__Task details__. Work through the data and say how many lines contain "kind". The number alone is the answer.

[Data extracted from a collection]
-- Opening Marker --
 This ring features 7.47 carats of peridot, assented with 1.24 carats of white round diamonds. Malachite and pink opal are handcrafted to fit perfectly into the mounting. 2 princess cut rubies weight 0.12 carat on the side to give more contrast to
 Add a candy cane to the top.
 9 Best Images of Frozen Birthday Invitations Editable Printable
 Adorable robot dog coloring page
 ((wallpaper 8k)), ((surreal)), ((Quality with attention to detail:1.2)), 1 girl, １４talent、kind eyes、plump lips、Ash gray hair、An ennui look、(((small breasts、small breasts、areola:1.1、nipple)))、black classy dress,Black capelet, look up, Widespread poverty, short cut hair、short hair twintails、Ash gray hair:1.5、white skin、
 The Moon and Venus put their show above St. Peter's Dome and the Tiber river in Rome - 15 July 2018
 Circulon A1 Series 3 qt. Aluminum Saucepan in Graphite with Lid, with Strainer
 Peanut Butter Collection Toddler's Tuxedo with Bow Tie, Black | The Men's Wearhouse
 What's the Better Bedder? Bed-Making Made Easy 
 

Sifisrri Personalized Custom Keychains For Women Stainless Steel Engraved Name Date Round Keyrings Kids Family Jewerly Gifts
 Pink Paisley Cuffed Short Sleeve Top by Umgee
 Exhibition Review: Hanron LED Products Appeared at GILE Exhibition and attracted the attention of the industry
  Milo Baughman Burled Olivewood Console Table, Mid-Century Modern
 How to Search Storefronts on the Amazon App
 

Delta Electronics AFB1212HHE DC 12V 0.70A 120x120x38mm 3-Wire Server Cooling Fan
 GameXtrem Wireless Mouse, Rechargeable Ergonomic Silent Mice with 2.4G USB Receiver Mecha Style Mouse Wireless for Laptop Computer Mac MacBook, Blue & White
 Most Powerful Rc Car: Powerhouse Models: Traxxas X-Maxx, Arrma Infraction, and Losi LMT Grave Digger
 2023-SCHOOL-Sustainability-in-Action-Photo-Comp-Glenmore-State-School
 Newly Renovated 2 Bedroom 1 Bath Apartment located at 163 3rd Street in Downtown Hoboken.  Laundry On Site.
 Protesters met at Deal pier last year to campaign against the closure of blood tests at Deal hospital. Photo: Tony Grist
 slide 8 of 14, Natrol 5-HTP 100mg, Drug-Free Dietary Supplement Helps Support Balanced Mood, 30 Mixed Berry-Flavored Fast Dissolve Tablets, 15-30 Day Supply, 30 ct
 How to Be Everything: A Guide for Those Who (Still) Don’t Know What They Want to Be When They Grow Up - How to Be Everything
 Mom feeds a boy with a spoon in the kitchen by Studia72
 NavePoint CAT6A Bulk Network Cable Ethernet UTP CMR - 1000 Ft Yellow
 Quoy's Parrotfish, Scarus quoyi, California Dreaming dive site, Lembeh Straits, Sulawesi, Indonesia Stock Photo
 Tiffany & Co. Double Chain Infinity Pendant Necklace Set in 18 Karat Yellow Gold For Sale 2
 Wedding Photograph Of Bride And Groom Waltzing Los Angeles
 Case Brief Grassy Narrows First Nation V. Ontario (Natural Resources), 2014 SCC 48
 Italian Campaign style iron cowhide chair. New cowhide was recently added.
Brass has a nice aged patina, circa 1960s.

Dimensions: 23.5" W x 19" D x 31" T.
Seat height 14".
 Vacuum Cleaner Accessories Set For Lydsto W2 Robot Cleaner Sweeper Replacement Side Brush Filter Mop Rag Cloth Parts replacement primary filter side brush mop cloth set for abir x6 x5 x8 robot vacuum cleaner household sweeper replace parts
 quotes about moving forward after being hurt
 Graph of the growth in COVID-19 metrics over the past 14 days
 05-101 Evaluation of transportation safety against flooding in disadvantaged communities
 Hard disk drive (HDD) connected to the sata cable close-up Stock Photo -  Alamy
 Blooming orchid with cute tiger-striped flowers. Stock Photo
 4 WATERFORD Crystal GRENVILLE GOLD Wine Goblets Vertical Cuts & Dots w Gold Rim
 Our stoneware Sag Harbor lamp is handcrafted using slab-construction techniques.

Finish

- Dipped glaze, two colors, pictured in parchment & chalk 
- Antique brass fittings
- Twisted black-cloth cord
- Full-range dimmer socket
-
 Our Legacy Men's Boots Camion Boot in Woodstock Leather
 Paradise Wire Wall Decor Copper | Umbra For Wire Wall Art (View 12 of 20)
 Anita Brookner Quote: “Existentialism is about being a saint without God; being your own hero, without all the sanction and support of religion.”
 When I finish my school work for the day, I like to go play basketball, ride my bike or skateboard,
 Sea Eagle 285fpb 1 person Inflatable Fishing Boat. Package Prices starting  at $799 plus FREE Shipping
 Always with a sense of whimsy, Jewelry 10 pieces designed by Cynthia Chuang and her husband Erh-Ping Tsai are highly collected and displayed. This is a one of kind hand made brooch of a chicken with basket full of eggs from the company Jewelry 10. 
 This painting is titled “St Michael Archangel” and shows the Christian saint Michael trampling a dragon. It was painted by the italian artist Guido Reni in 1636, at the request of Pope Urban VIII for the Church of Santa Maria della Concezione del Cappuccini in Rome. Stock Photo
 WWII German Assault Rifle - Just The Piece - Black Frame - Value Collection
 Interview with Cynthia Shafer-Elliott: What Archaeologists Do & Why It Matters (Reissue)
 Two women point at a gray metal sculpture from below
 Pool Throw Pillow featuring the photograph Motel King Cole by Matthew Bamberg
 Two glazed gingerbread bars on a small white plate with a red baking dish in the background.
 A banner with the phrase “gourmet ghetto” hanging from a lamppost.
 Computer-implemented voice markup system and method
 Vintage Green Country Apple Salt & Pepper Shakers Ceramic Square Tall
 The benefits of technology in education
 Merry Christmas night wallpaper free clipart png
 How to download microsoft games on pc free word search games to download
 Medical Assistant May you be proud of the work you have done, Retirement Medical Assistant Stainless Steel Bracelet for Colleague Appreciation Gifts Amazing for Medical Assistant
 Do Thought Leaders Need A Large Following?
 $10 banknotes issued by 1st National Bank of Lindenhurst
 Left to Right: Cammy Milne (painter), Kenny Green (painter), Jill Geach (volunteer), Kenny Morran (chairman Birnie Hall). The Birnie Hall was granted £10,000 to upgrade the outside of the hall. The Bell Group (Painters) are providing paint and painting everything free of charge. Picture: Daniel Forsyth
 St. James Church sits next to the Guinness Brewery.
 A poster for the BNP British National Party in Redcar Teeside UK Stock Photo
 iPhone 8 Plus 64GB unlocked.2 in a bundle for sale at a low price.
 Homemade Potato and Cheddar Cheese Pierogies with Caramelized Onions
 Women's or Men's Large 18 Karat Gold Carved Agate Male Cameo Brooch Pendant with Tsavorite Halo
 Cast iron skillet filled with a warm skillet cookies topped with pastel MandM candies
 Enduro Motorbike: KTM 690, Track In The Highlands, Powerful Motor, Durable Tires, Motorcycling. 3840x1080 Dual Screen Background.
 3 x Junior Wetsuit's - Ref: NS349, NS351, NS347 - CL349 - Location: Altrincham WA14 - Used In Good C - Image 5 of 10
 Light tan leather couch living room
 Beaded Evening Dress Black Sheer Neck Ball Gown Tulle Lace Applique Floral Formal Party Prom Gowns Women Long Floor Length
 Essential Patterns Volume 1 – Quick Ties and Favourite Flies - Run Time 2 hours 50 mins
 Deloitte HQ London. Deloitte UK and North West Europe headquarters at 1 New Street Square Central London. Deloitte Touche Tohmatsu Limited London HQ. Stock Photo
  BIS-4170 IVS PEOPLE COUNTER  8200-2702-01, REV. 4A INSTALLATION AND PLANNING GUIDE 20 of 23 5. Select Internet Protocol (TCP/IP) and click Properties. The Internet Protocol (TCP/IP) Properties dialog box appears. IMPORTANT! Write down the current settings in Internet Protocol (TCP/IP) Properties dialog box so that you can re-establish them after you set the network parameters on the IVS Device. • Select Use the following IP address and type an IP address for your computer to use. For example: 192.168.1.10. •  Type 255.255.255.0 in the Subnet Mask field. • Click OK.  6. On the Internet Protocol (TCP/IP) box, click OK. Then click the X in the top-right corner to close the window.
-- Closing Marker --
__Solution to the problem__. 2